DoubleLine's Cohen Warns of AI Bubble Coming to Credit

Robert Cohen from DoubleLine warns of a potential AI credit bubble, emphasizing the need to carefully evaluate the creditworthiness of AI-related companies, particularly those reliant on aggressive growth to service debt. He advises investors to focus on companies with strong financial structures and sustainable cash flows to avoid the risks associated with speculative credits in the AI sector.

Robert Cohen from DoubleLine discusses the current landscape of AI-related credit deals, emphasizing the importance of evaluating the risk of an AI bubble. He defines a credit bubble as a situation where credits are unlikely to repay their debt, citing the energy sector as an example where bonds defaulted quickly due to unsustainable debt. While he does not believe the credit market is in a bubble yet, he expresses concern about the equity markets, where valuations and growth expectations may be reaching unrealistic levels.

Cohen highlights that historically, major technological advancements—such as railroads, telephones, and the internet—have often led to bubbles. Given this pattern, he assigns a high probability to the emergence of an AI bubble. He stresses the need to consider which credit instruments will survive a potential economic downturn, focusing on those with strong balance sheets and resilient structures rather than those reliant on rapid growth.

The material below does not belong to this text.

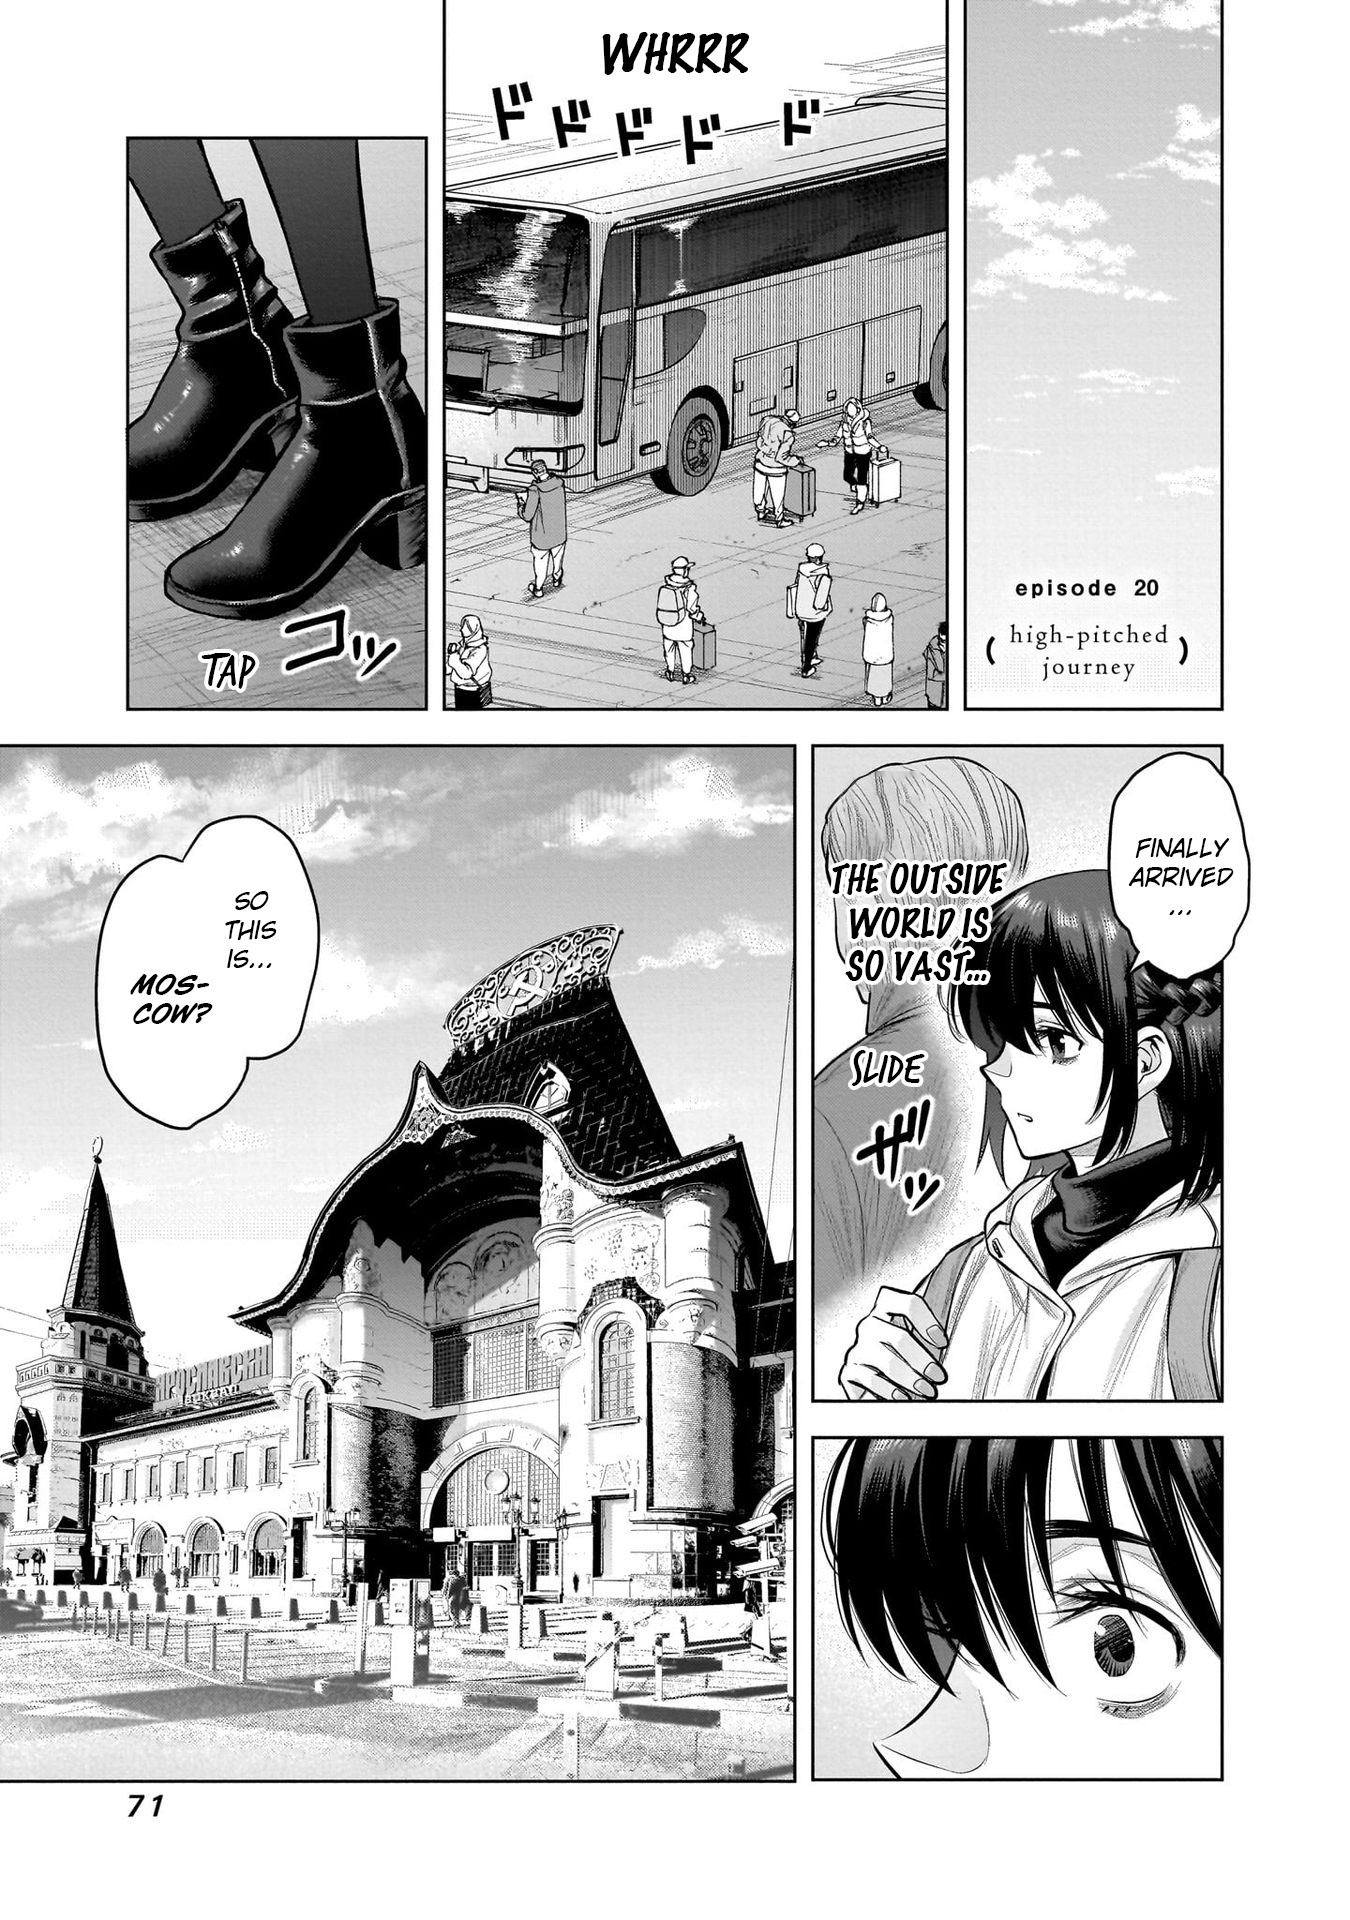 She Is Beautiful Vol.3 Chapter 20: High-Pitched Journey - Picture 1

He points out that some hyperscale companies in the AI space are likely to perform well, but he expresses caution about companies like Oracle, which he views as having a high-yield credit profile with riskier spreads. Cohen advises investors to avoid taking on excessive technology obsolescence risk, drawing on his experience as an analyst during the dot-com bubble burst, which informs his cautious stance.

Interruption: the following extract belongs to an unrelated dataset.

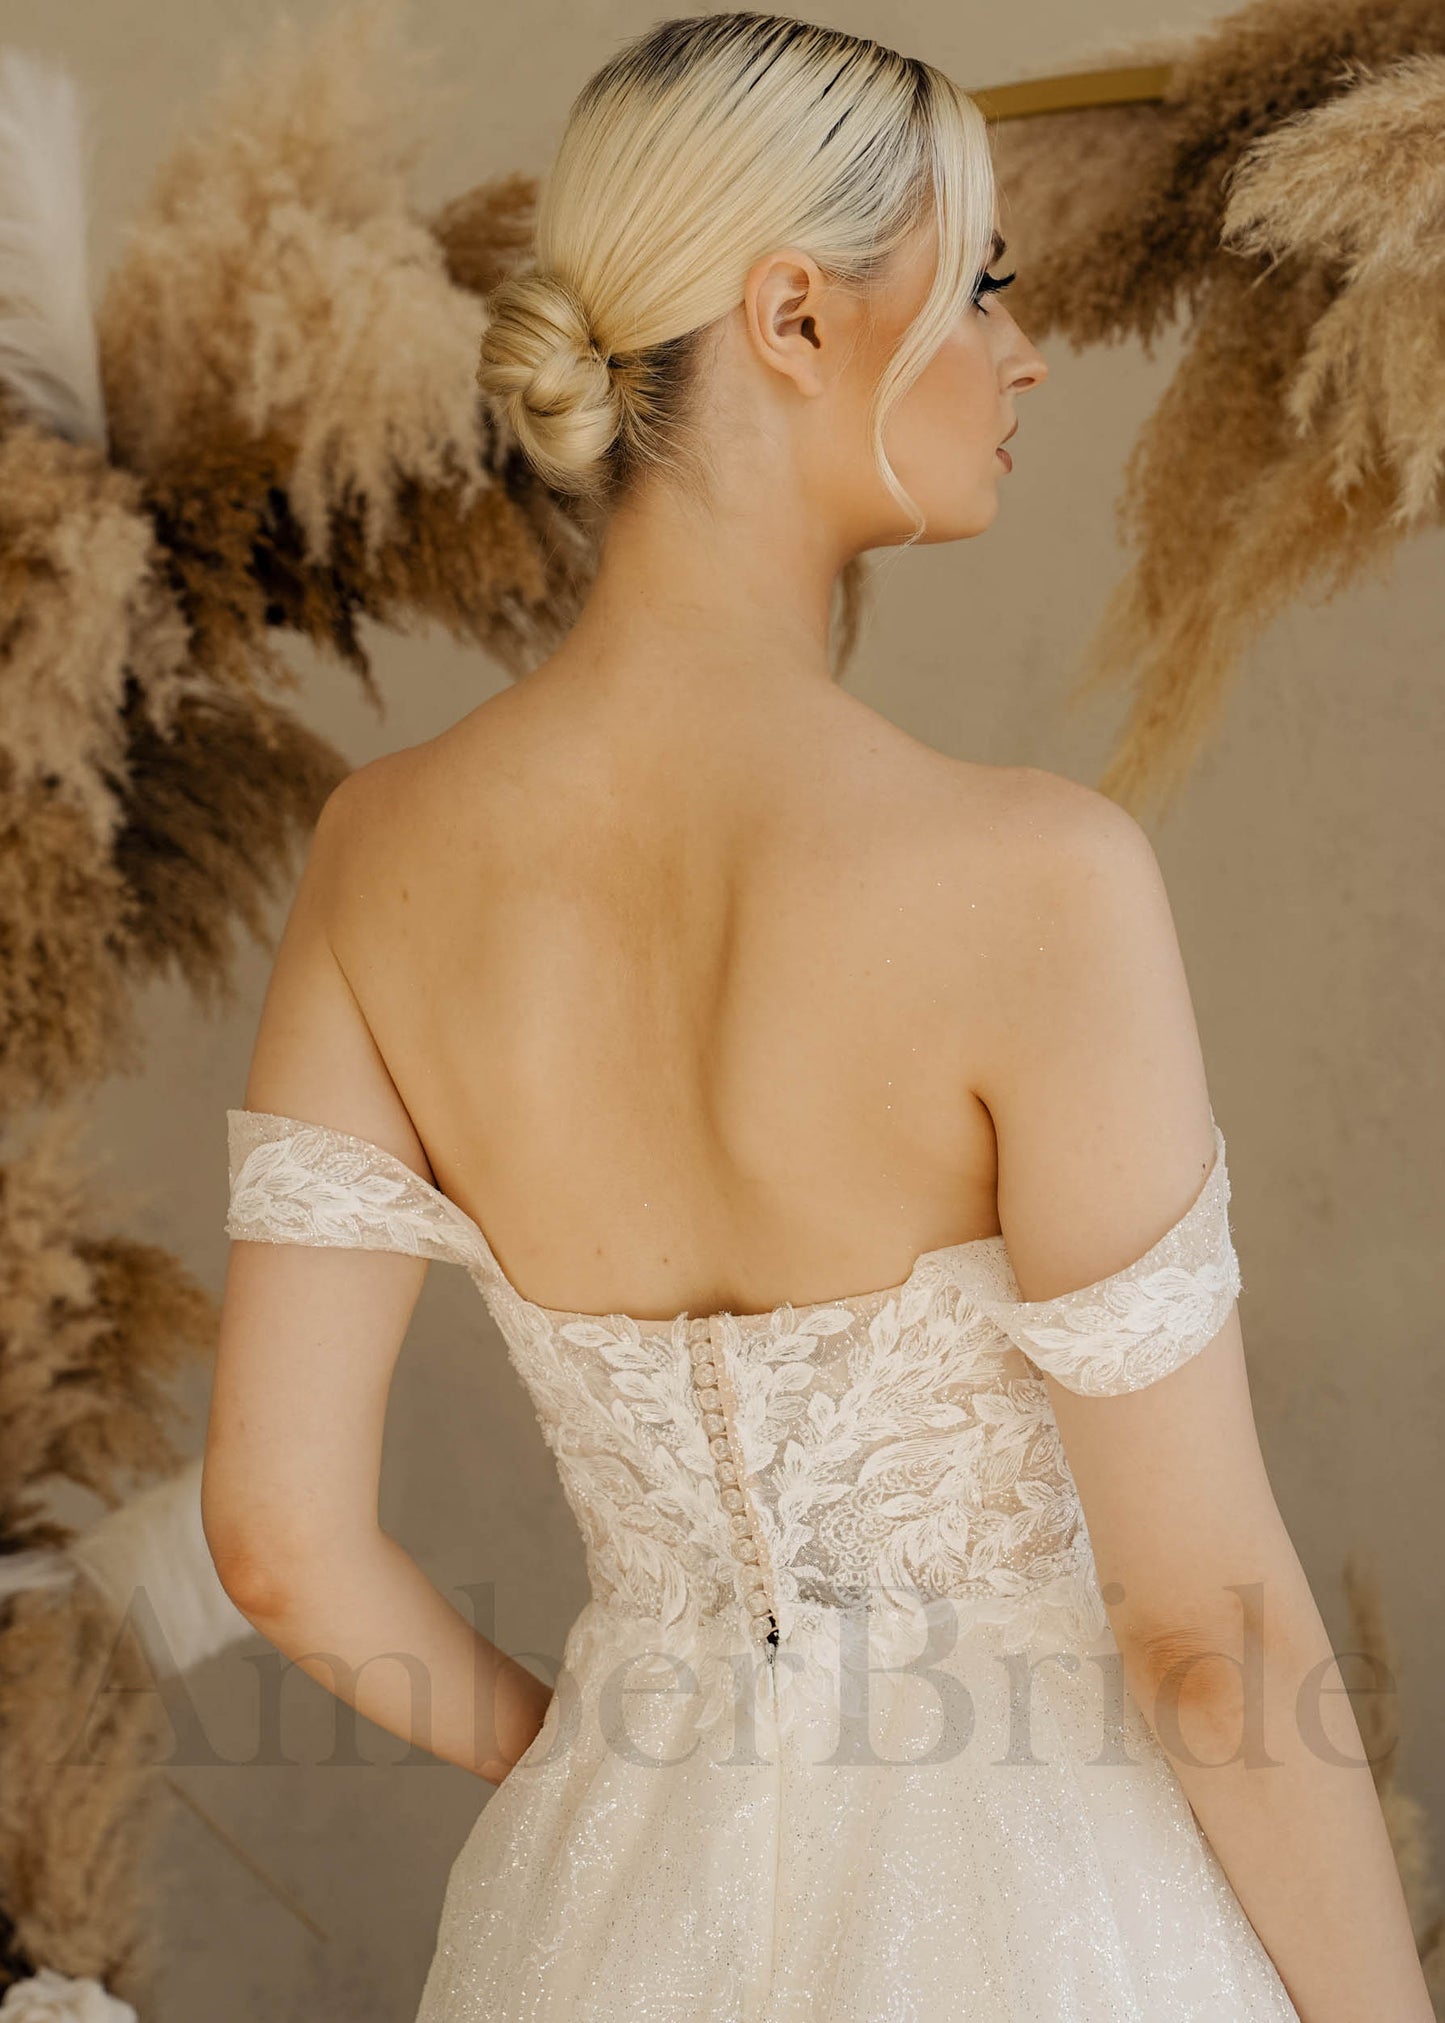 Rustic Off Shoulder Wedding dress with Lace Flowers and Backless Design

The key takeaway from Cohen’s perspective is the importance of scrutinizing the creditworthiness of AI-related companies, particularly looking at their ability to service debt without relying on aggressive growth projections. Credits that can sustain themselves through current cash flows and solid financial structures are more likely to endure a market cycle, whereas those dependent on dramatic growth pose significant risks.

In conclusion, Cohen warns that speculative credits in the AI sector, which have yet to fully emerge, are the ones to watch closely. Investors should be wary of companies that require substantial growth to meet debt obligations, as these are the most vulnerable in a potential AI credit bubble. His overall message is one of caution, urging a focus on financial strength and sustainability amid the excitement surrounding AI investments.